As well as being used in cooking, turmeric also has other useful properties, most commonly being hailed as an anti-inflammatory in some Eastern medicine practices. The conditions that it is believed to treat are wide and varied from flatulence to jaundice and toothache to chest pain. Studies suggest that turmeric prevents cholesterol oxidising in the body which contributes greatly to the protection of your cardiovascular system. Due to turmeric being able to encourage the liver to increase the amount of messenger proteins that are being produced, it is in turn able to reduce cholesterol in the body. Many studies also now suggest that turmeric is a a great defender against certain neurodegenerative problems, such as Alzheimer’s disease. Less commonly it has also proved useful as a dye for textiles.

Getting more turmeric into your diet doesn’t have to be a difficult process. If you love curry then you can happily slip a teaspoon or two into your recipe; this will work well regardless of the type of curry you are making, be it meat, fish or vegetable. You can also use turmeric in many other recipes such as to sautée vegetables or even in soups.

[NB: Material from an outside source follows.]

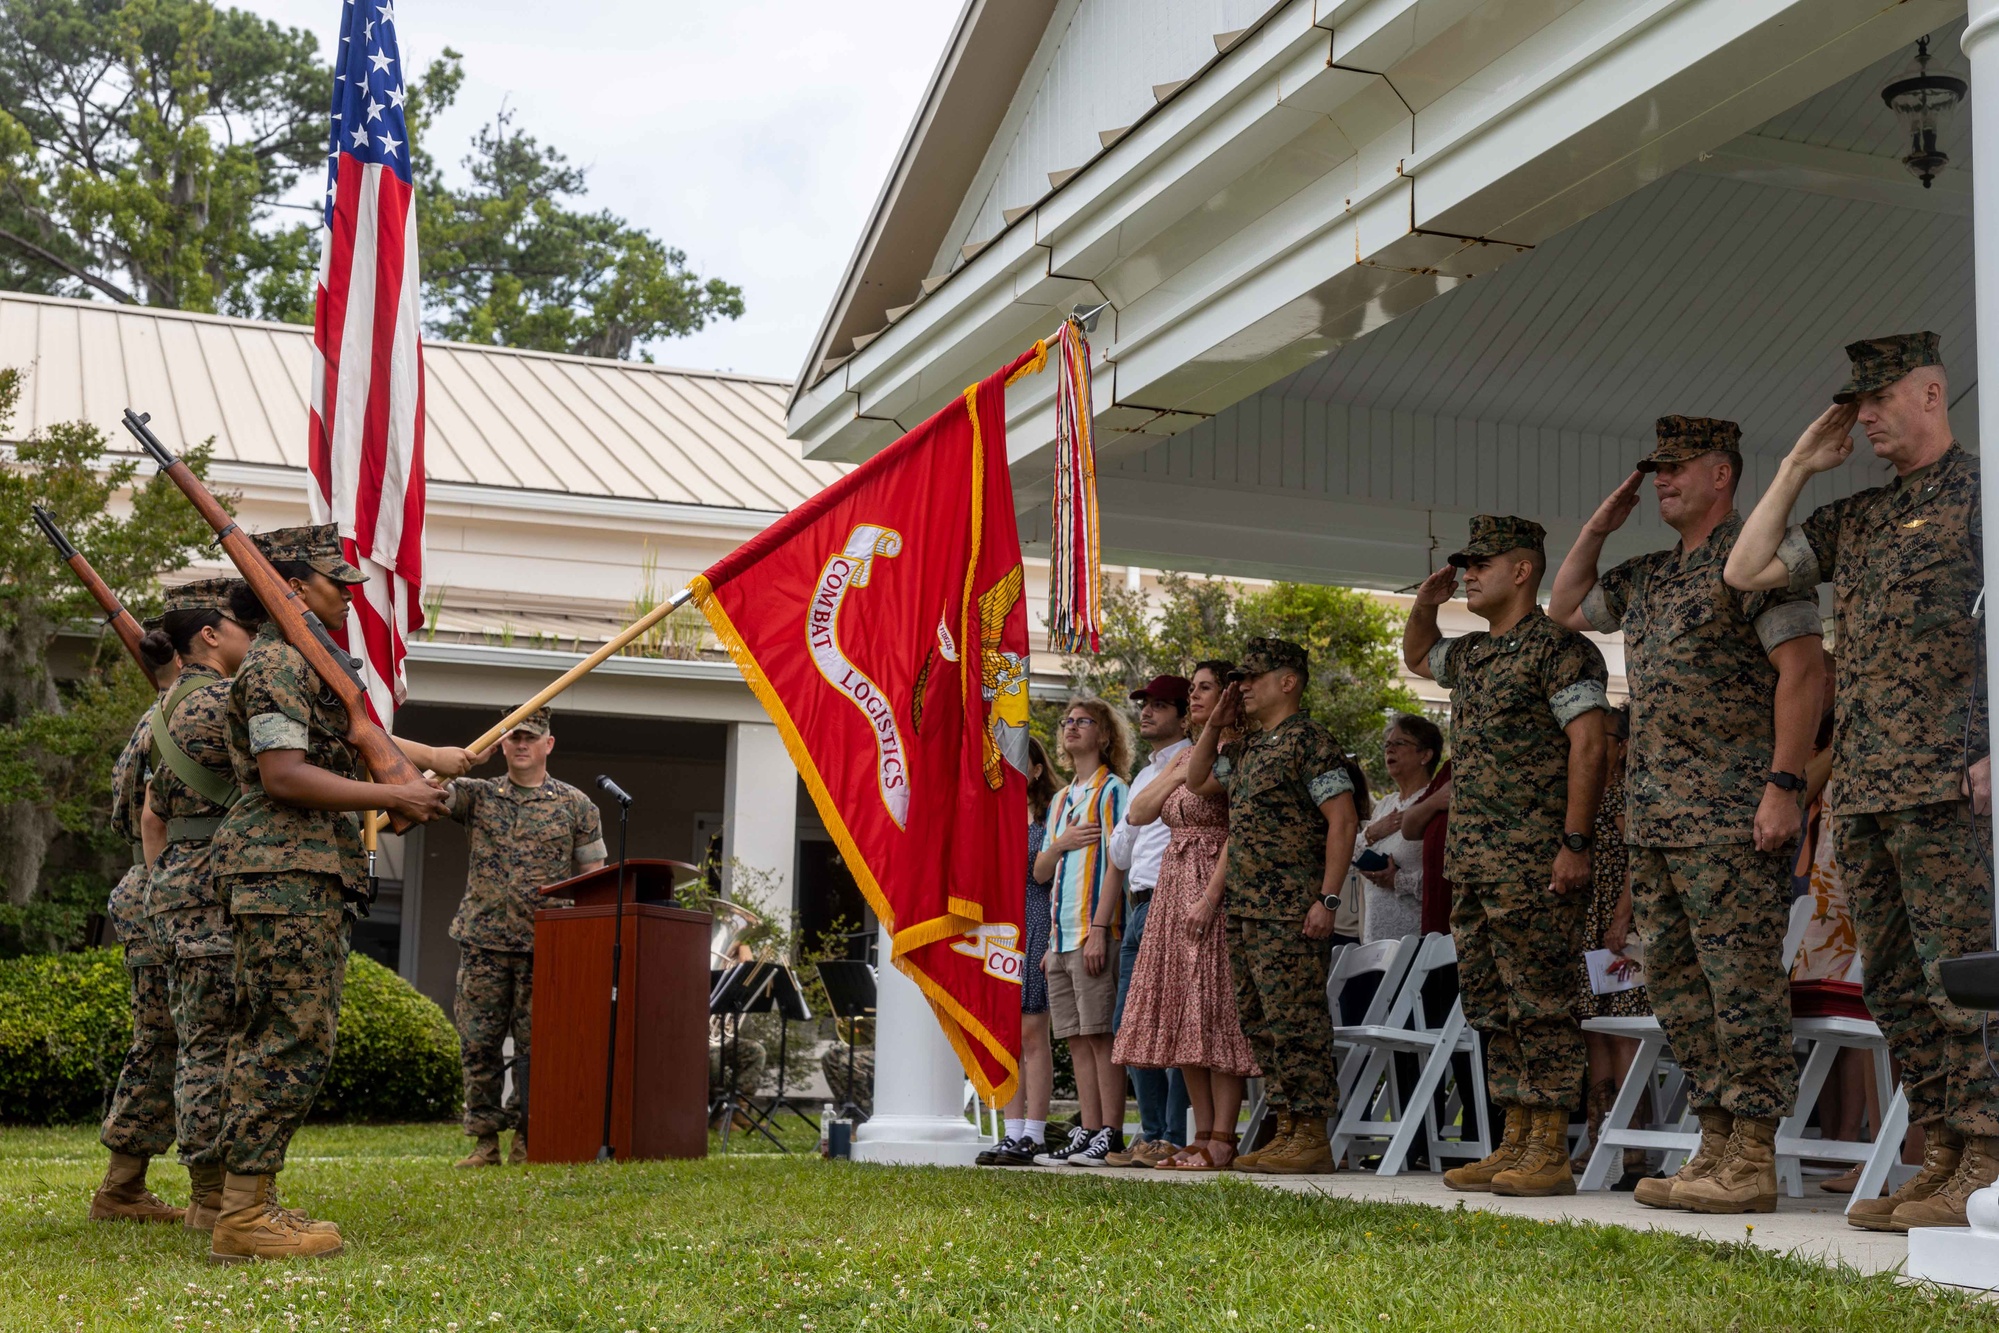 DVIDS - Images - Lt. Col. Manning Retirement Ceremony [Image 5 of 7]

When it comes to vitamins, turmeric is a fantastic source of vitamin B6, this is essential for maintaining your blood vessels and preventing heart disease. This spice is also a great source of iron, manganese, potassium and fibre. Iron has so many amazing benefits, especially for muscle and brain function. Similarly, manganese and potassium ensure healthy bones as well as blood pressure and blood sugar levels respectively.

As you can observe, turmeric is an all round excellent spice for both its medicinal properties and flavour qualities; one  that should be included in your everyday diet!